BIS Oxford Economics is among Australia’s pre-eminent macroeconomic forecasters with an enviable reputation for picking turning points in economic activity.
BIS Oxford Economics has won acclaim for correctly forecasting critical turning points in the Australian economy, including:
- the domestic downturn in 2001
- the boom in business investment and the chronic capacity constraints in the mid-2000s
- the rise in interest rates through 2006 and timing of the peak in 2008
- the end of the mining boom in 2013
BIS Oxford Economics was virtually alone in forecasting that Australia would not suffer a deep northern hemisphere style recession in the wake of the GFC.

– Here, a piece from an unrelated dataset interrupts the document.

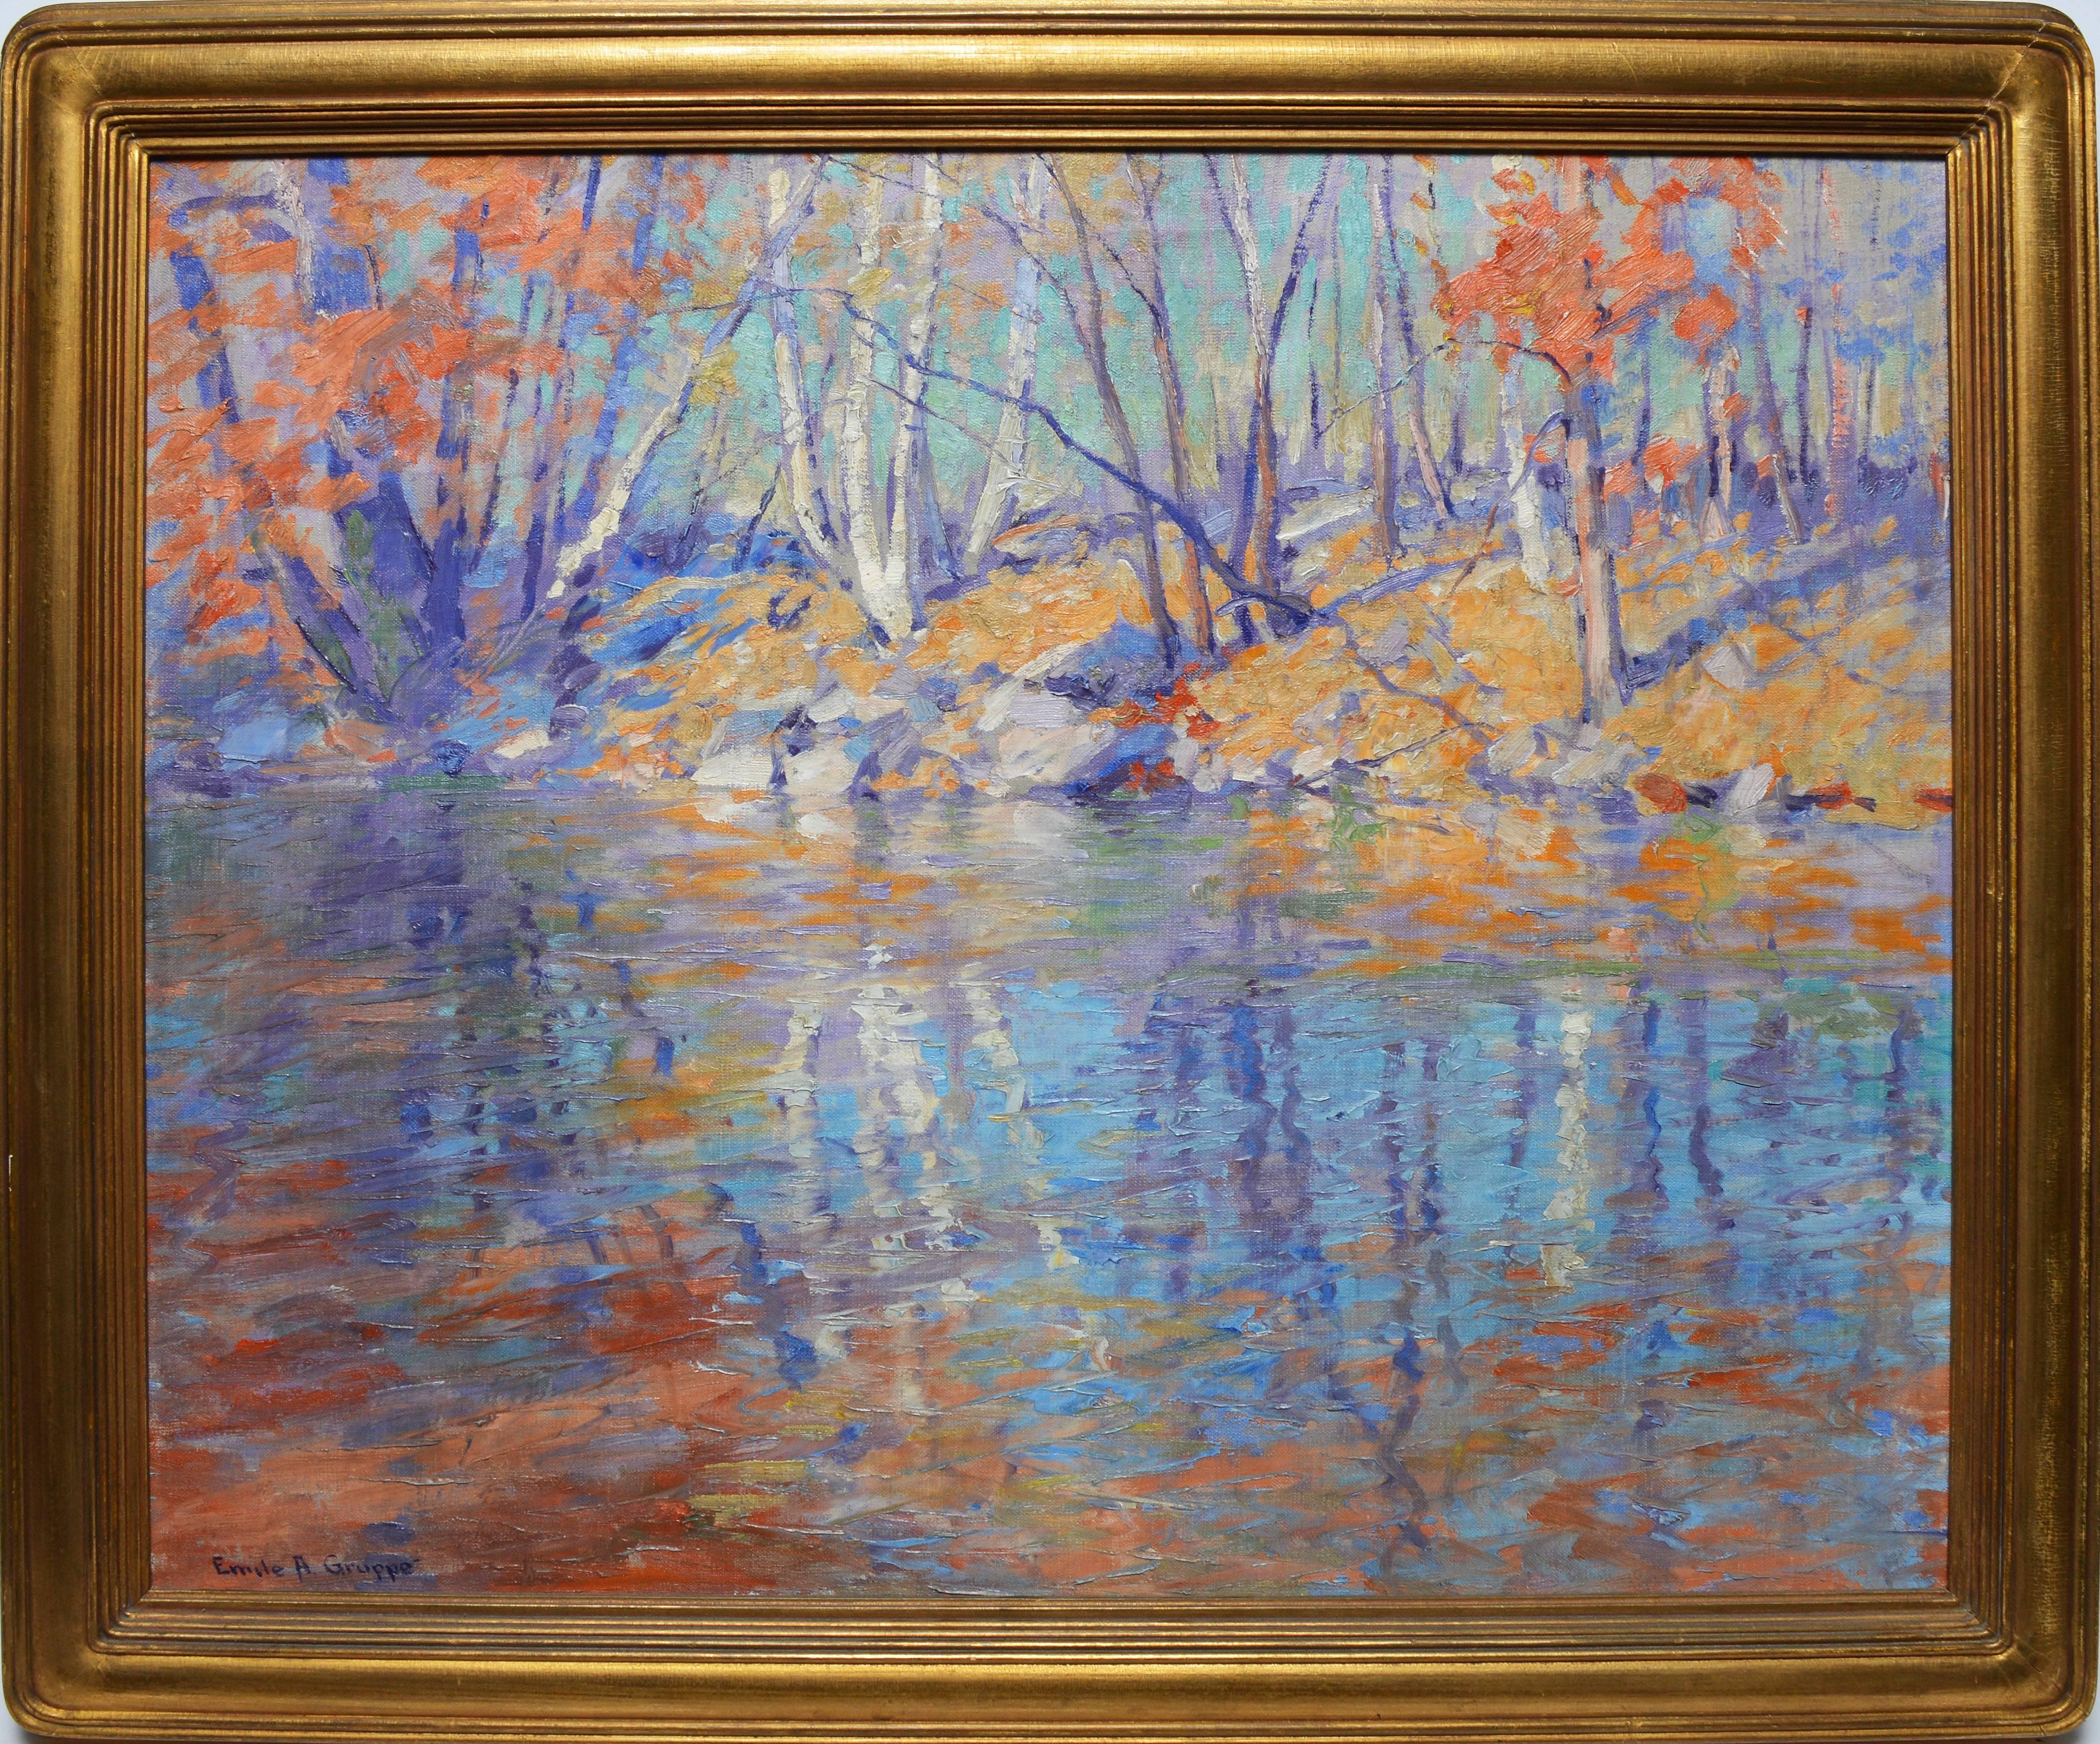 Emile Albert Gruppe Landscape Painting - Fall Reflections

BIS Oxford Economics' flagship economic forecasting services are Economic Outlook and Long Term Forecasts. A number of related services are also offered.
In addition, the economic forecasting team can also assist with providing tailored research, analysis and forecasts through our private consultancy services.

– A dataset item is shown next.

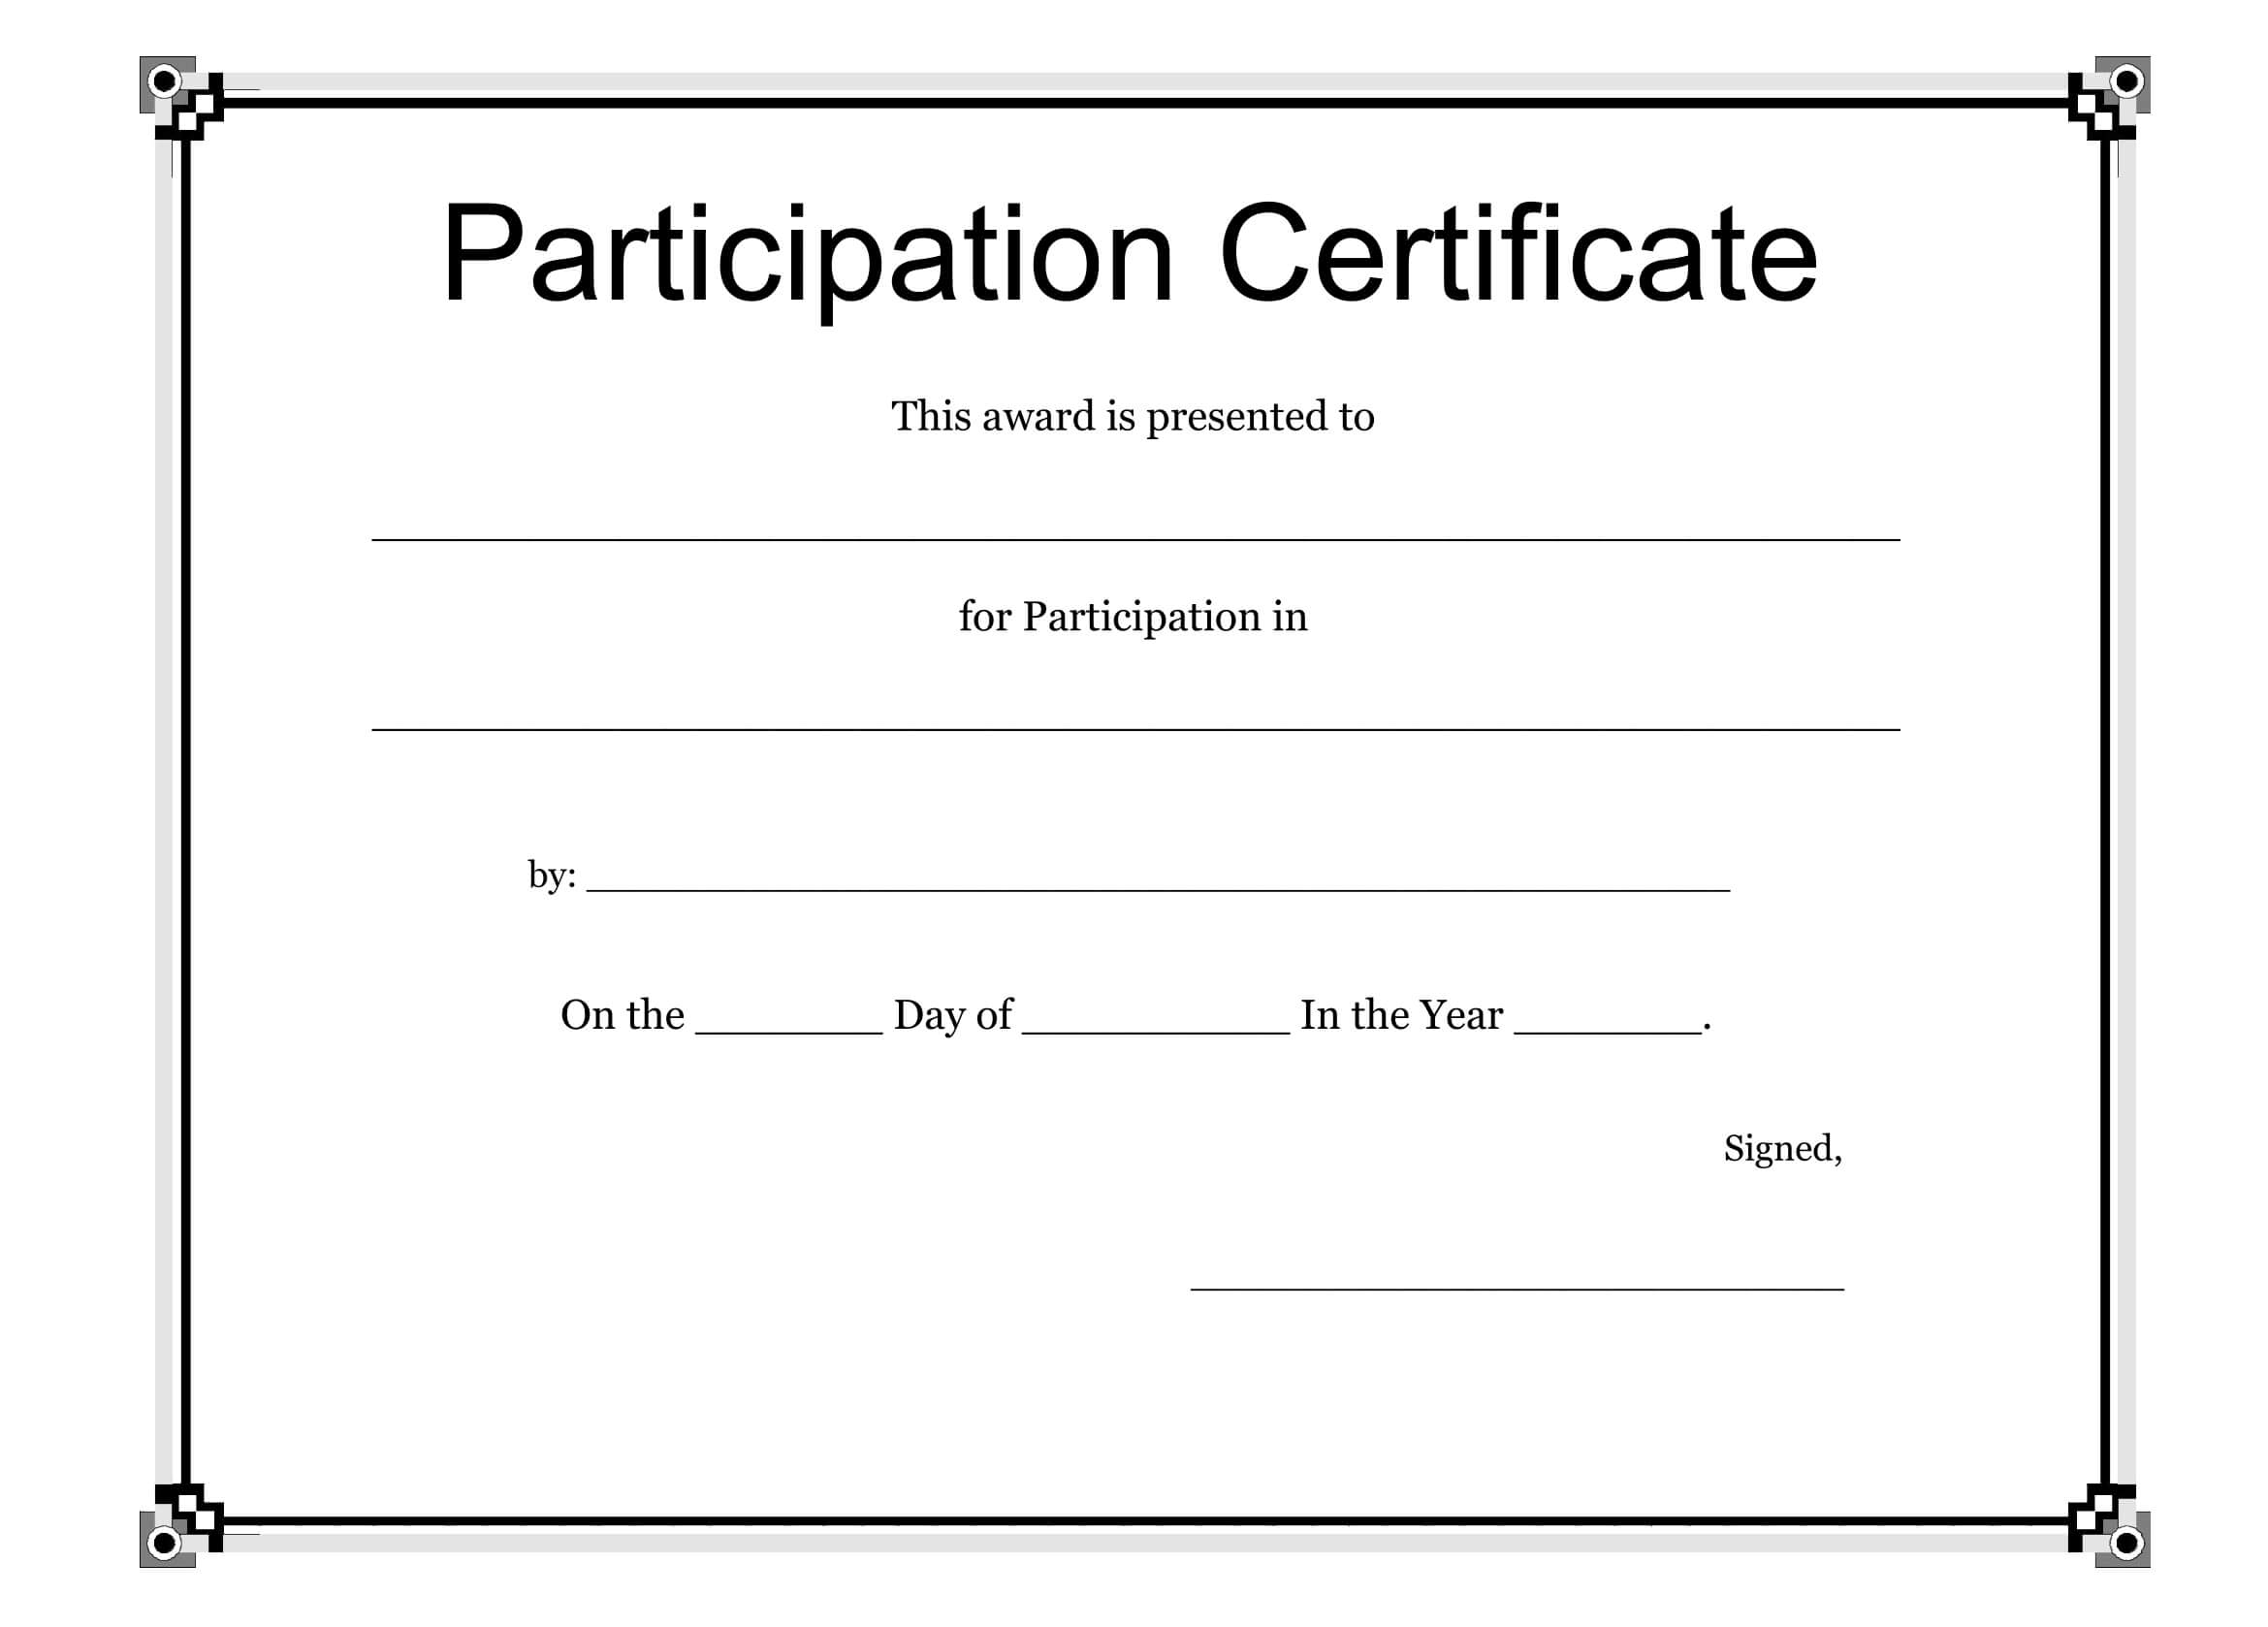 Participation Certificate Template - Free Download With Regard To Certification Of Participation Free Template

Our clients include companies, government agencies, non-profit organisations, and other organisations.
We are experts at interpreting and applying economic statistics, to help your business better understand its evolving operating environment.
Macroeconomic forecasting: the BIS Oxford Economics' difference
Our real strength is in understanding the fundamental drivers of supply and demand in key markets and industry sectors. Accordingly, our economic forecasts are built from the industry sector level up, not merely from the macro level down.
BIS Oxford Economics' expertise in industry analysis means we are well equipped to discuss the impact of major developments in the economy on prospects for your business sector.
Accordingly, we provide detailed data and unique forecasts of major sectors across the economy, including:
- growth and employment prospects
- production and investment
- interest rates and exchange rates.
This makes for a particular blend of information that benefits your business: by keeping economics ‘grounded’ in the real world, we help clients relate macro turning points to shifts in their markets.
This reflects a depth of experience accumulated over a generation or more. For over 50 years, BIS Oxford Economics has monitored developments in the Australian economy, reported the implications of these developments, and provided numerical forecasts of economic variables and business indicators.